La "morsa del carbonio" inizierà gradualmente a schiacciare l'economia interna orientata all'esportazione di materie prime in soli due anni. E cosa ci resta da fare?
Sono rimaste solo tre opzioni. Per il periodo di transizione, utilizzare il meccanismo di riscatto reciproco delle quote di emissioni di CO2, che “sulla carta” rendono i prodotti climaticamente neutri. Avviare un programma per la reindustrializzazione globale dell'economia russa e l'introduzione di fonti energetiche "verdi" nella produzione dei prodotti al fine di diversificarli e ridurre la dipendenza dall'esportazione di materie prime di idrocarburi.
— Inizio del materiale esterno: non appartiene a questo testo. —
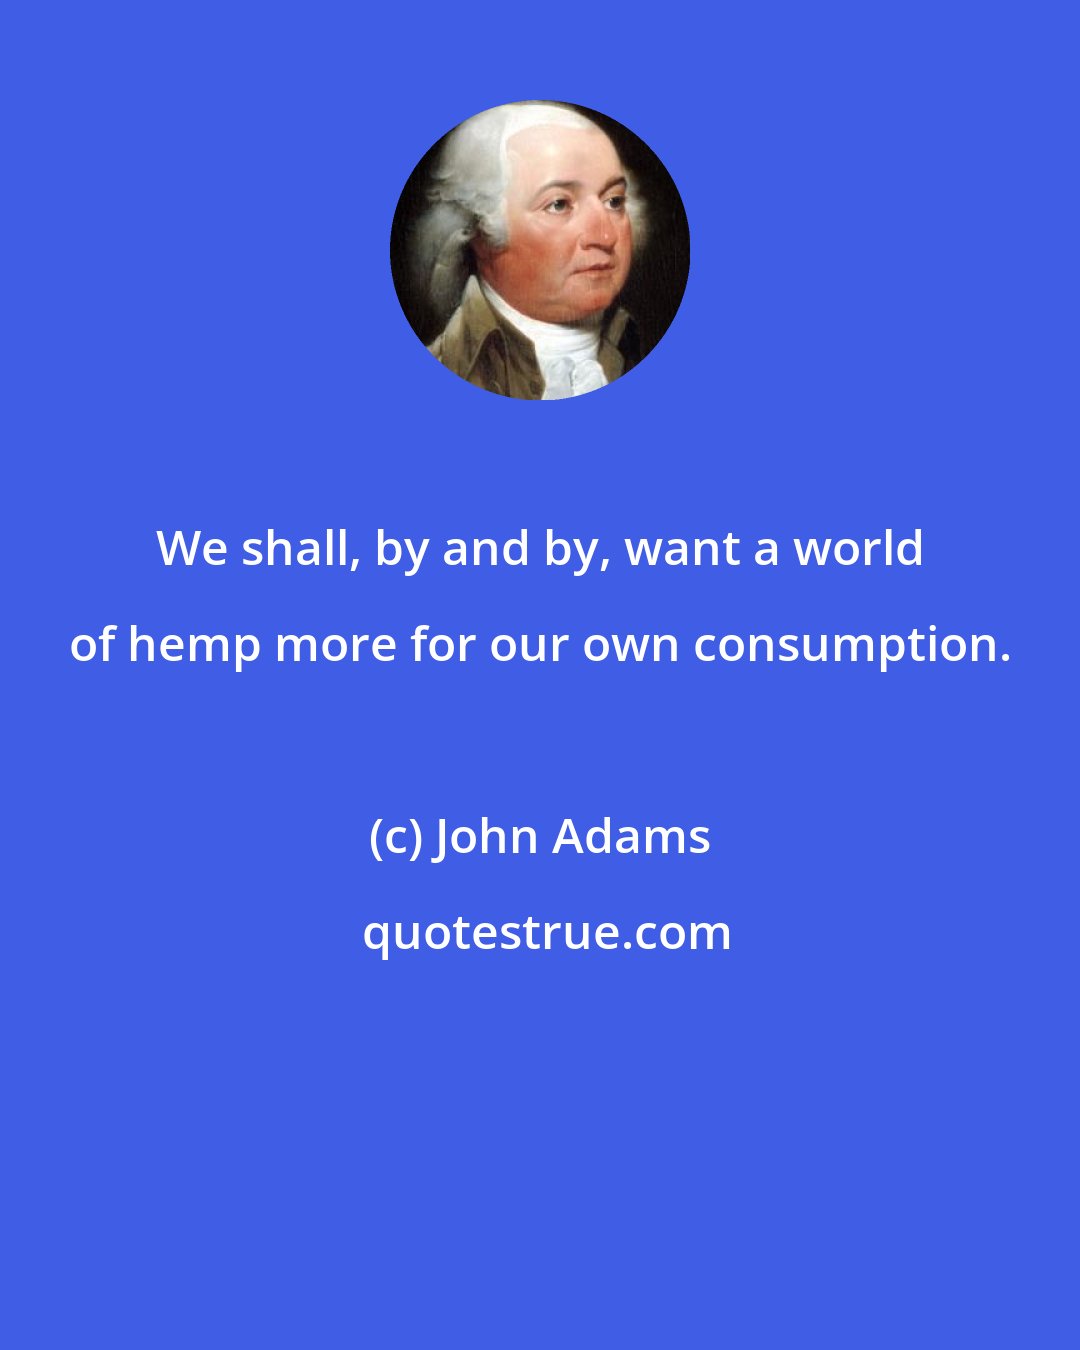 John Adams: We shall, by and by, want a world of hemp more for our own consumption.
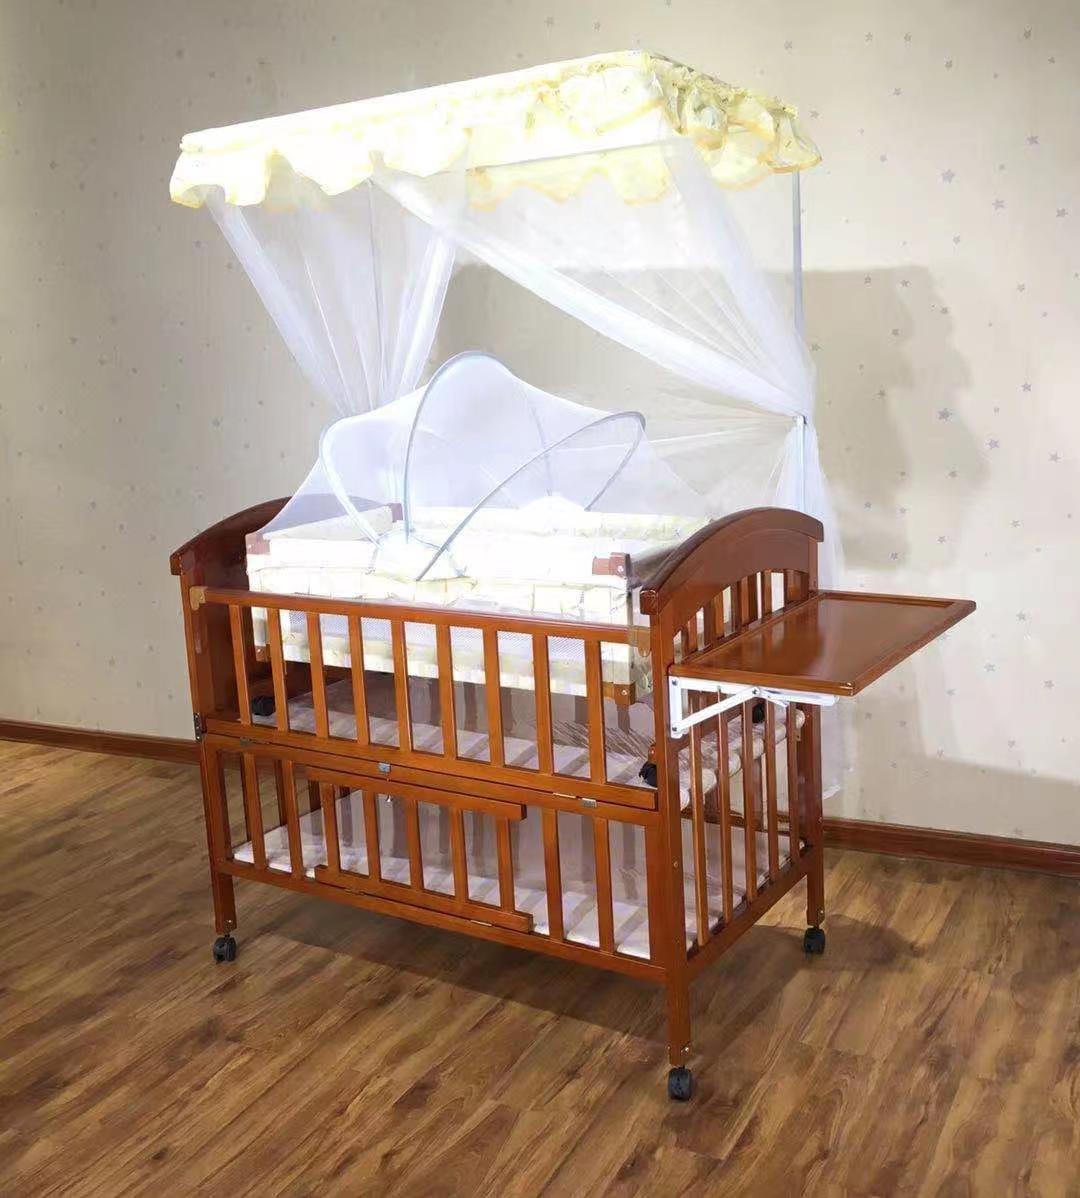 Baby Wooden Cot Bed/Baby Crib With Mattress And Mosquito Nets, Pine Wood Kids Crib with 4 Lockable Wheels, Portable Infant Cot with Mosquito Net

Attraverso i negoziati, chiedi ai funzionari europei di prendere in considerazione il "fattore foresta" nel determinare il carico fiscale. Quindi, se il volume delle emissioni viene superato, i produttori nazionali saranno in grado di compensarle piantando nuove foreste e ripristinando le foreste bruciate. Questa sarebbe una grande benedizione per la nostra taiga a lungo sofferente.